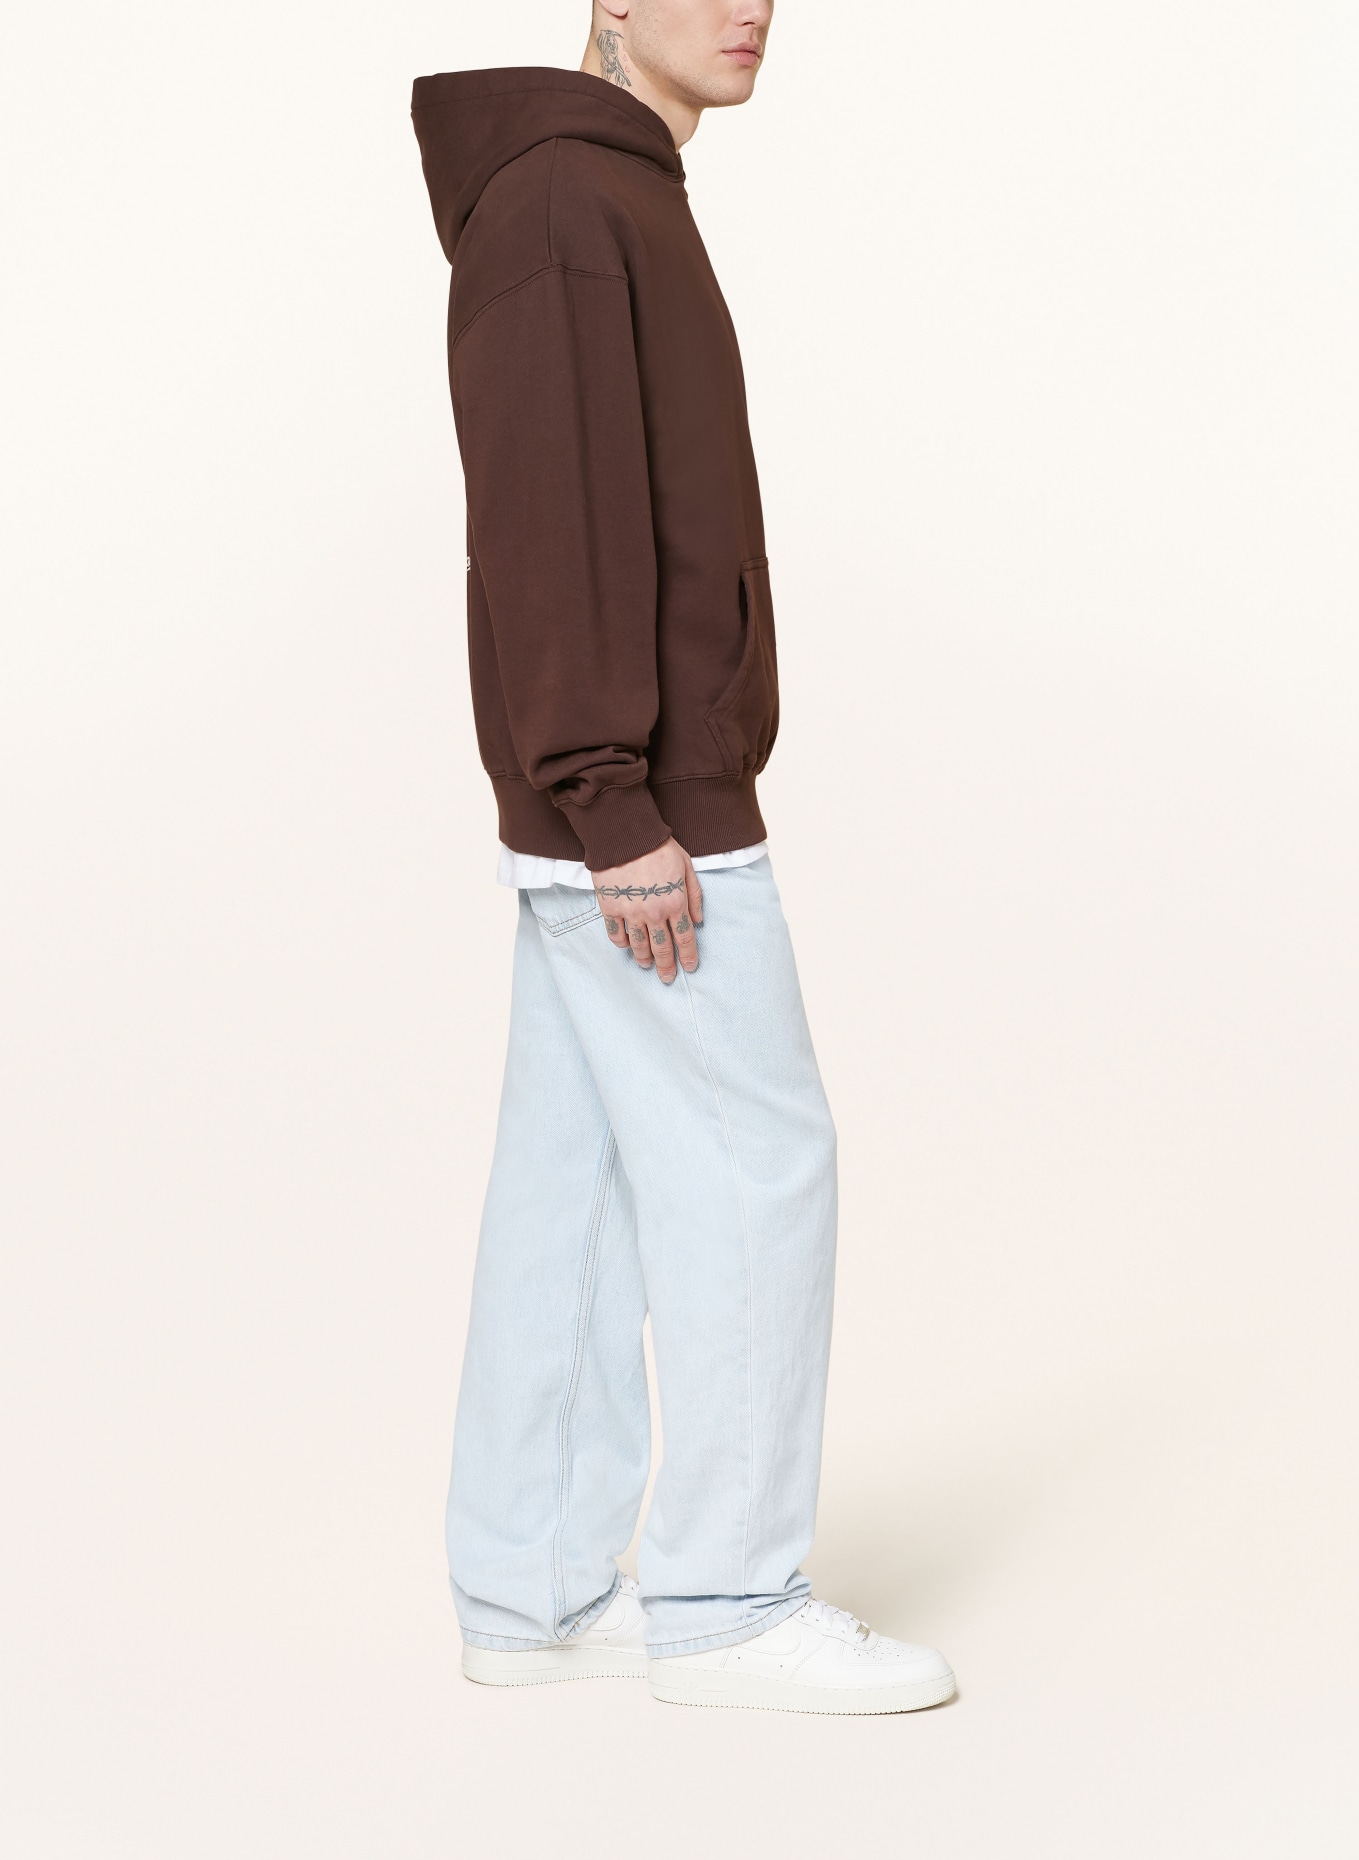 PEGADOR Oversized hoodie CRAIL, Color: BROWN/ LIGHT BROWN (Image 4)
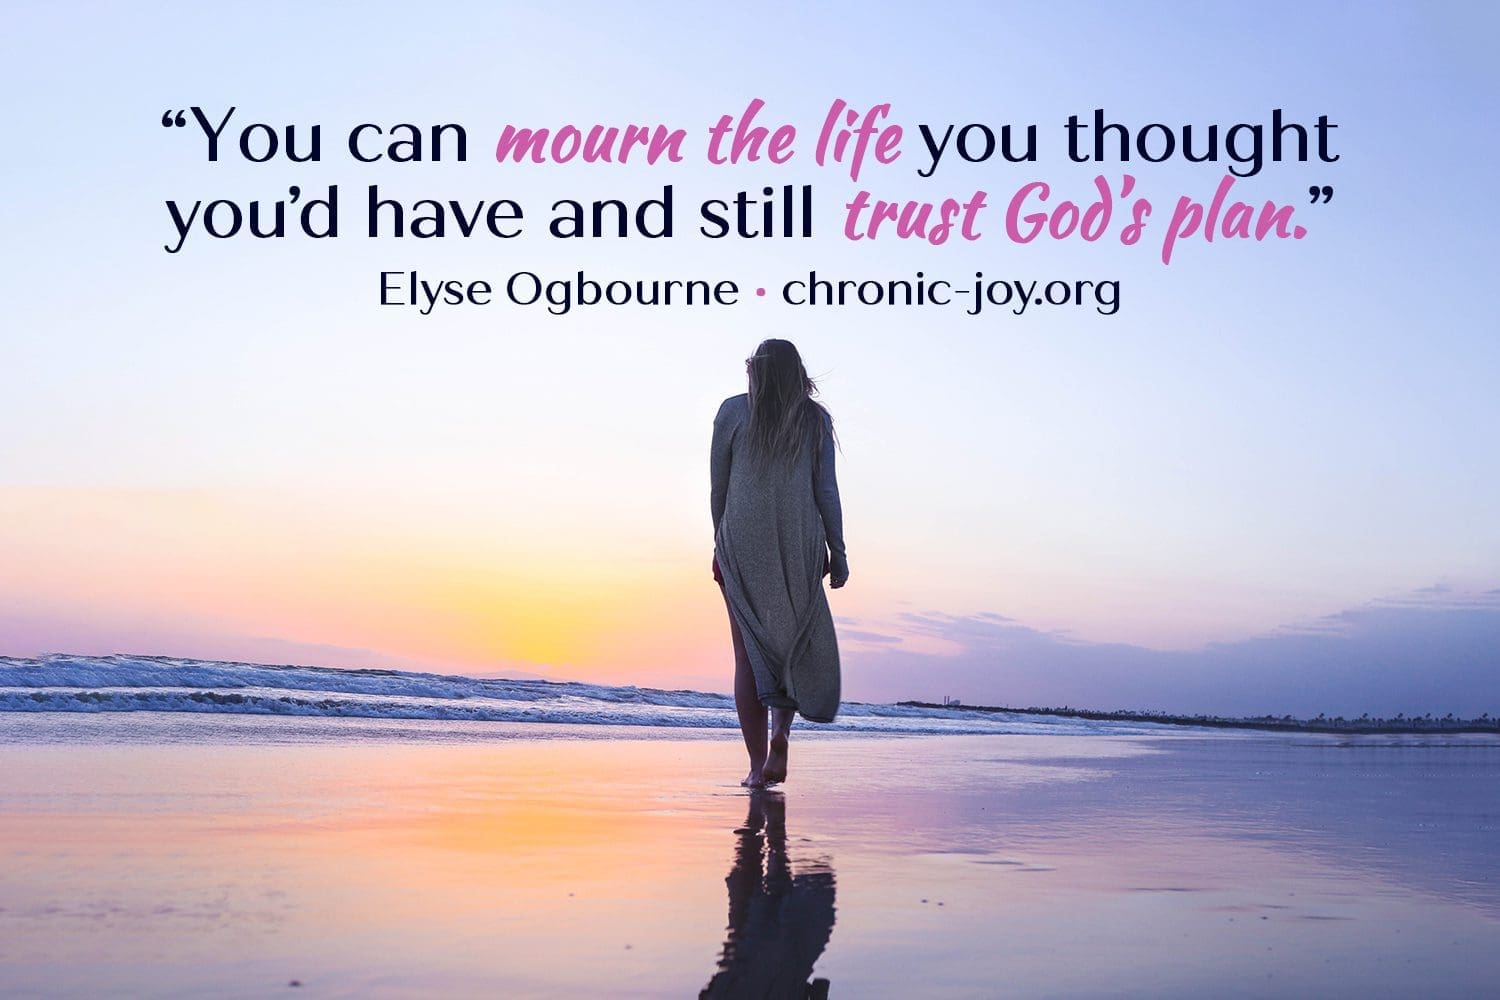 “You can mourn the life you thought you’d have and still trust God’s plan.” Elyse Ogbourne
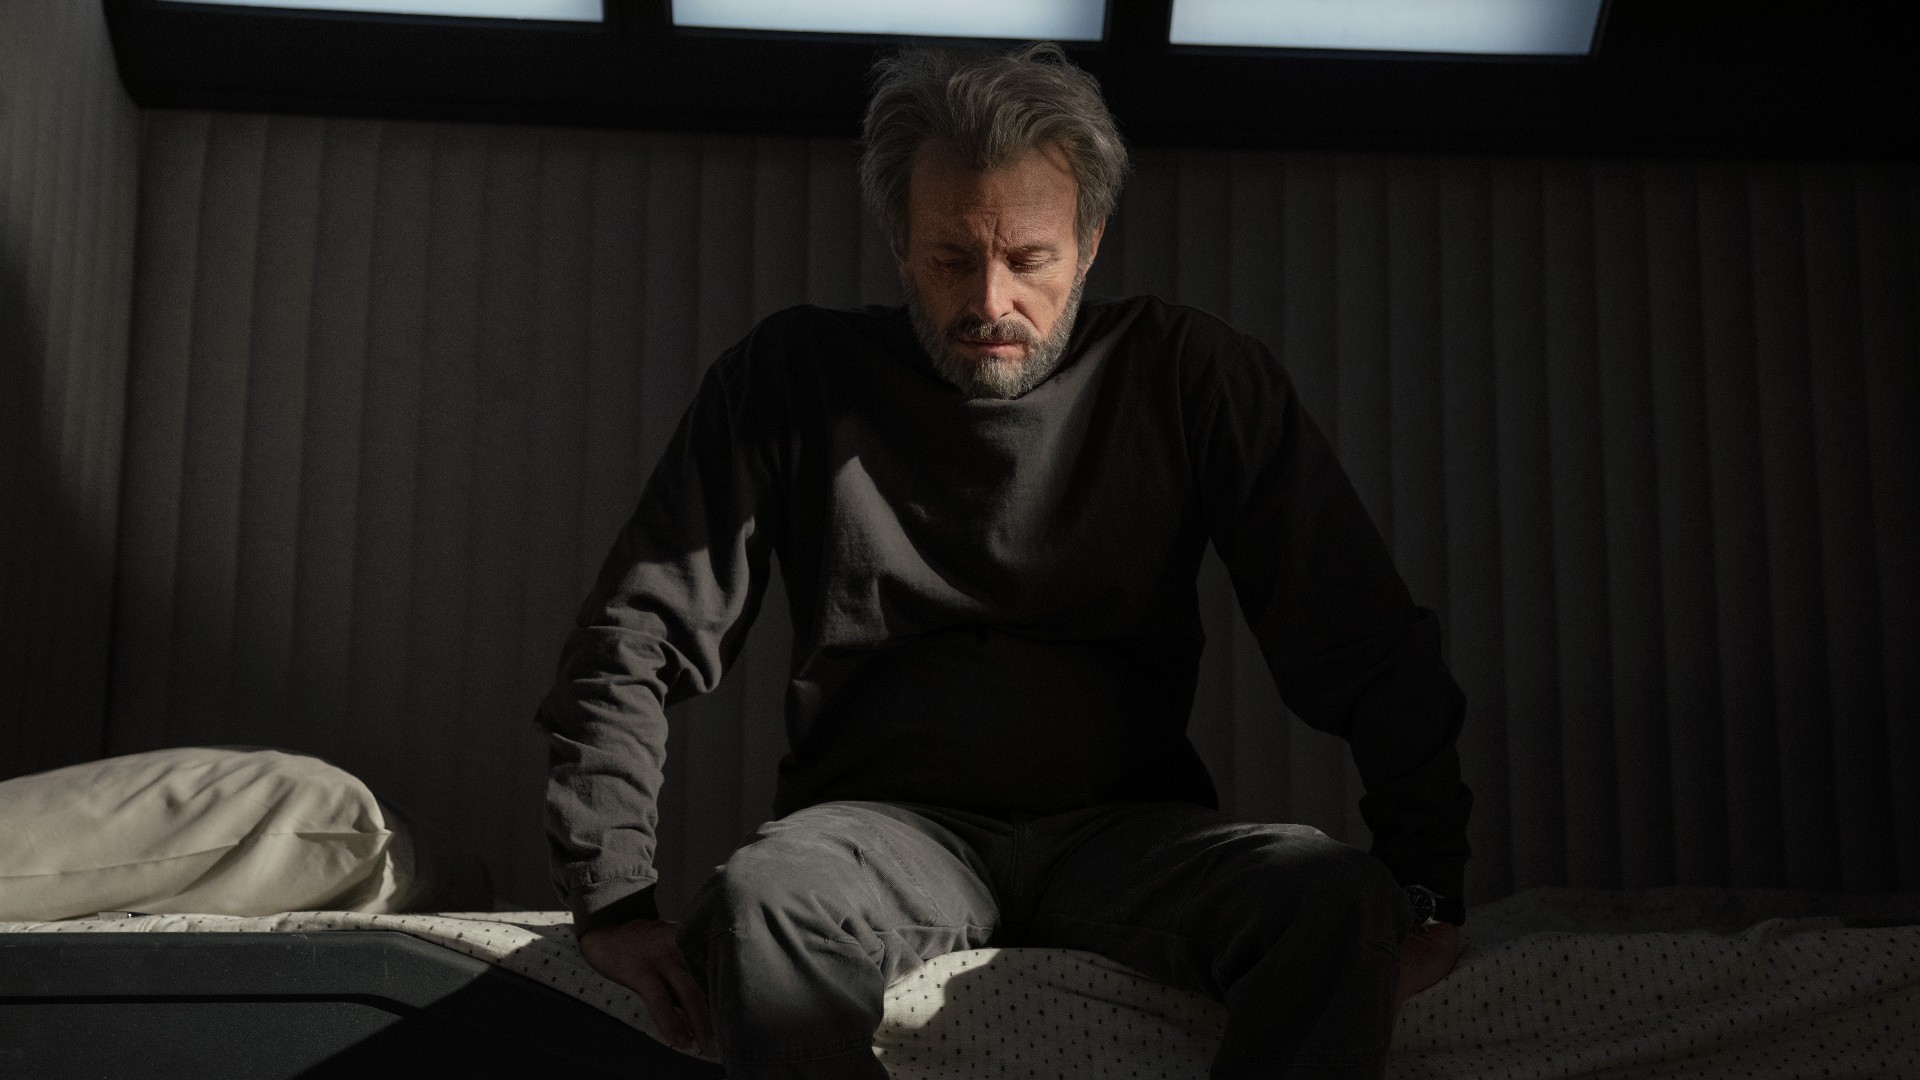 In a very plain, gray room there is a worried older man sitting on a white bed looking down. He has dishevelled short, gray hair, as well as a gray beard and moustache. He is wearing a dark gray long-sleeved shirt and trousers.
---
▶ [WHAT TO DO]
The task calls for every line of the data to be returned exactly, without pictures.

▶ [RESPONSE BOX]
 PEGADOR Oversized hoodie CRAIL, Color: BROWN/ LIGHT BROWN (Image 4)
 “You can mourn the life you thought you’d have and still trust God’s plan.” Elyse Ogbourne
 In a very plain, gray room there is a worried older man sitting on a white bed looking down. He has dishevelled short, gray hair, as well as a gray beard and moustache. He is wearing a dark gray long-sleeved shirt and trousers.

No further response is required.